WHAT TO WORK ON: From the line containing "Boxing Resistance Bands" to the last line of the data below, copy everything exactly and nothing else; pictures stay out.

INPUT DATA:
-- Opening Marker --
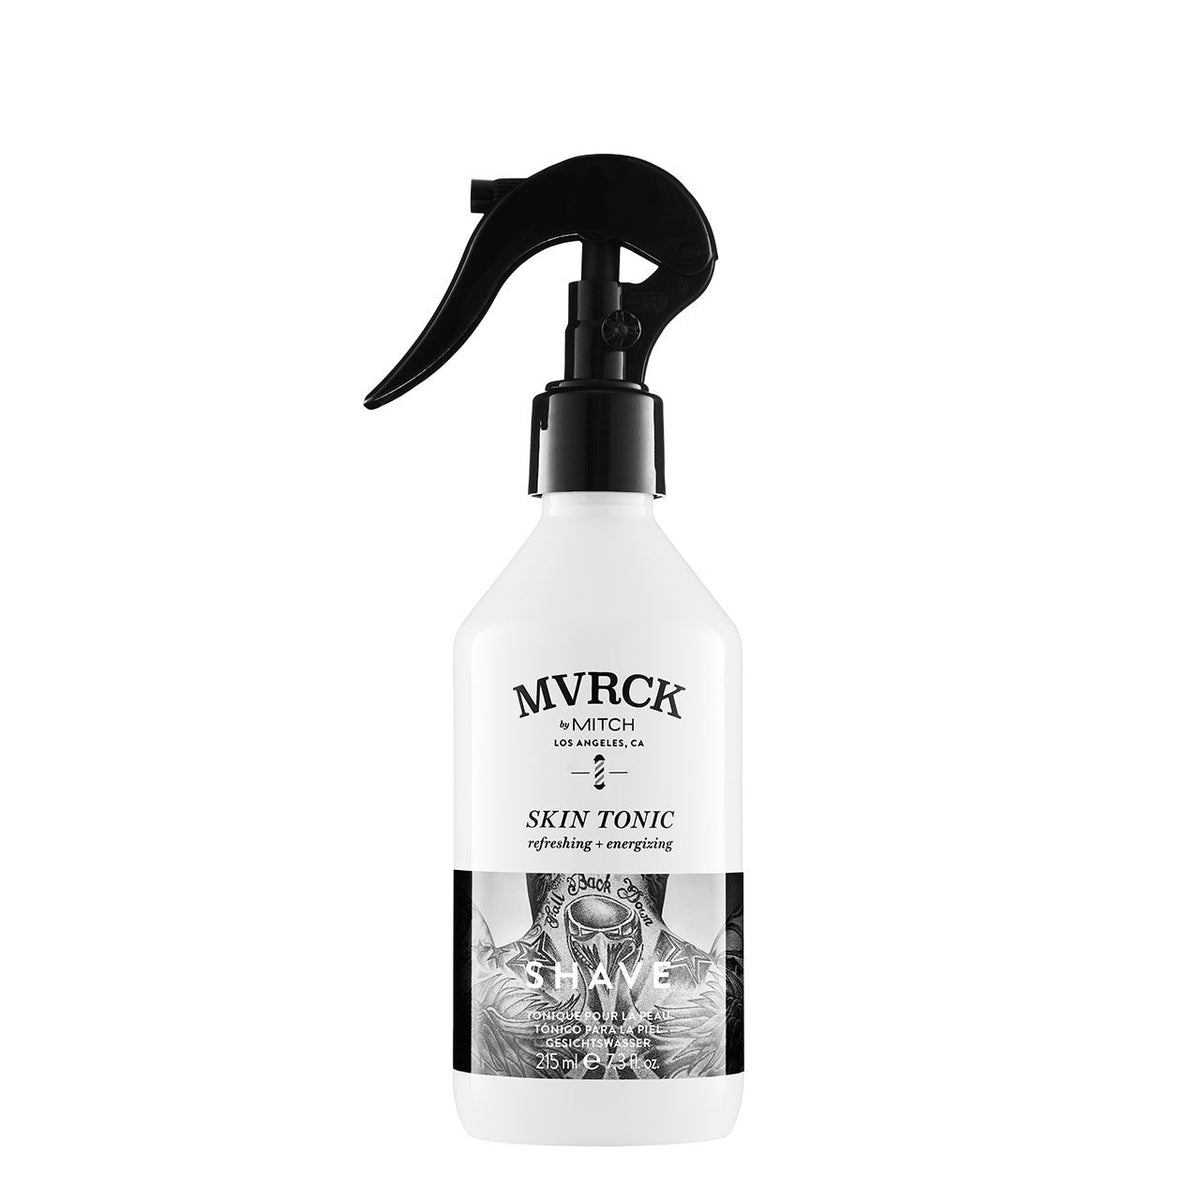 Mvrck Skin Tonic - 215ML - by Paul Mitchell |ProCare Outlet|
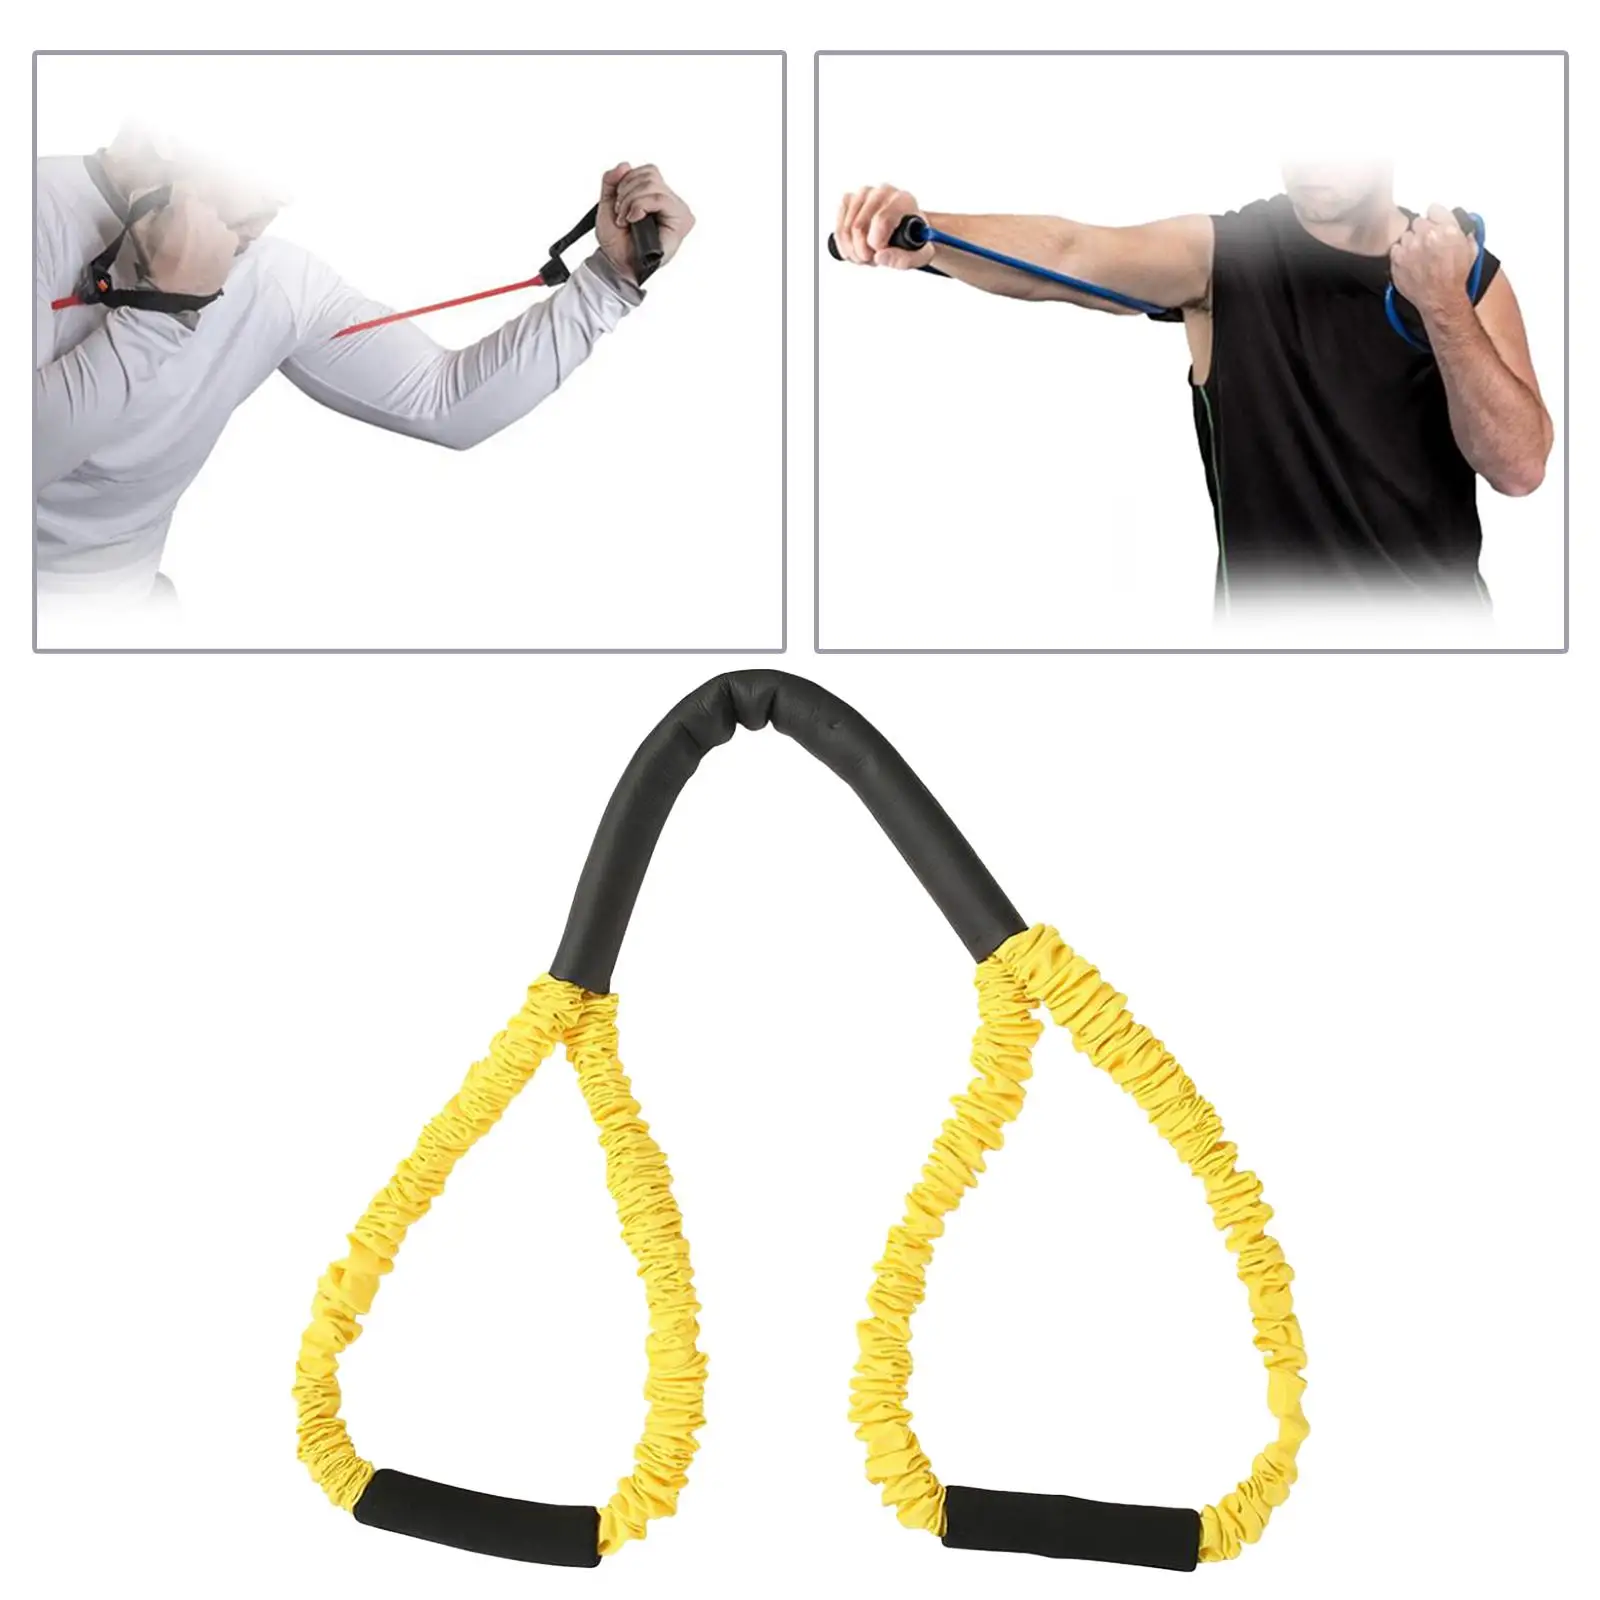 Boxing Resistance Bands Home Gym Workout Equipment Exercise Bands for Muscle Building Shadow Boxing Volleyball Football Legs Arm
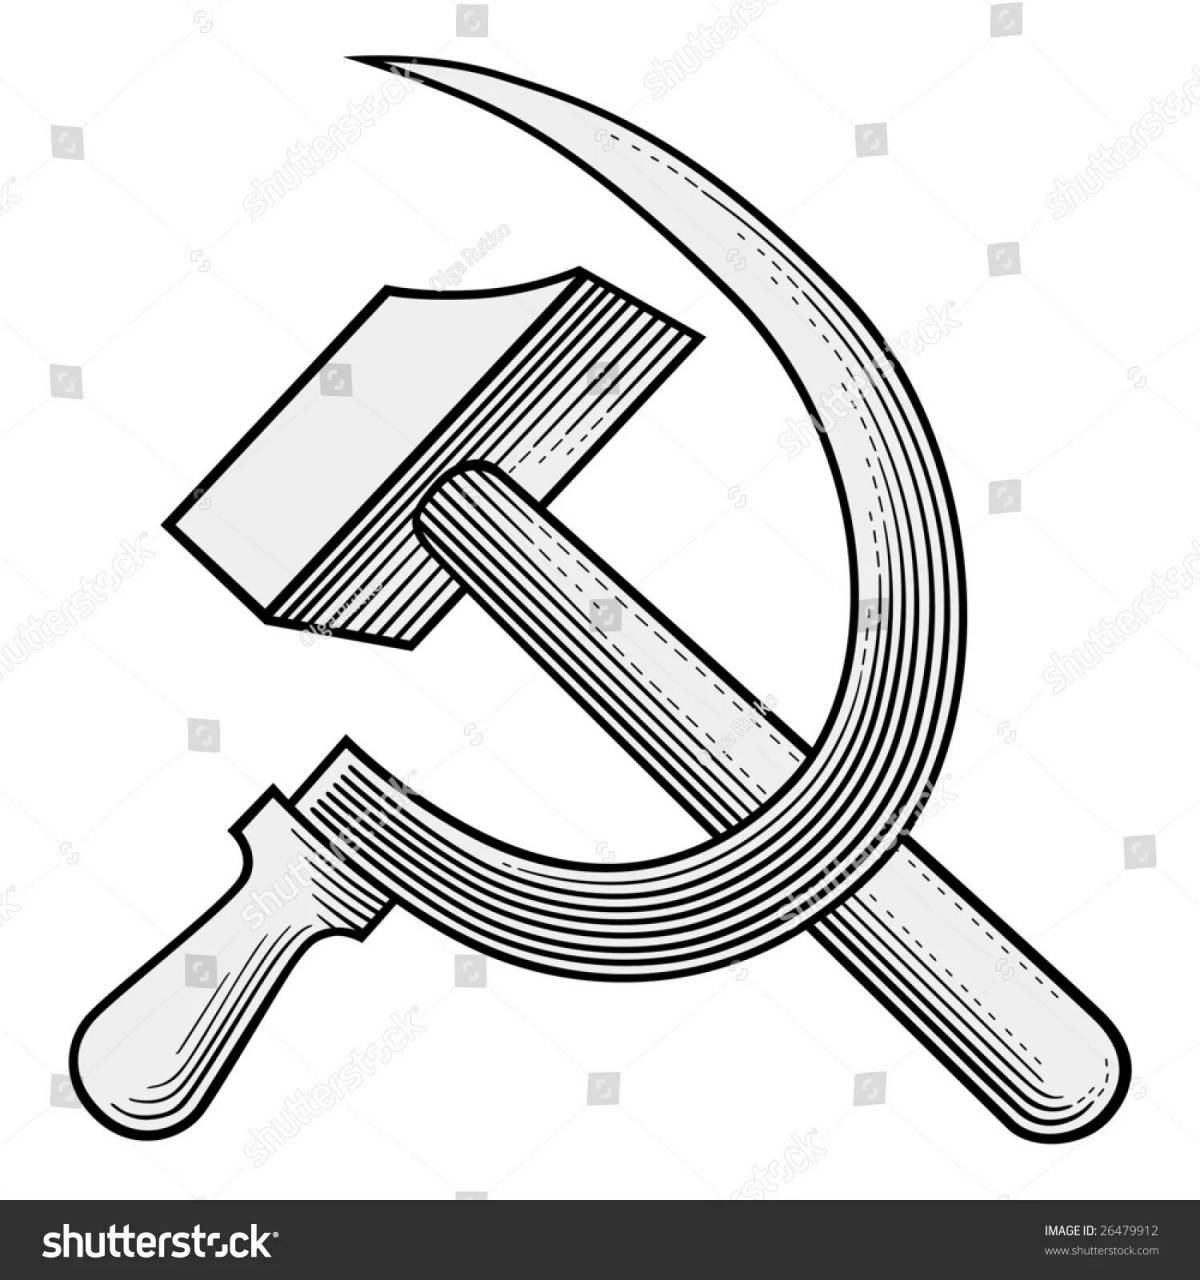 Creative hammer and sickle coloring
-- Closing Marker --
OUTPUT BELOW:
 Boxing Resistance Bands Home Gym Workout Equipment Exercise Bands for Muscle Building Shadow Boxing Volleyball Football Legs Arm
 Creative hammer and sickle coloring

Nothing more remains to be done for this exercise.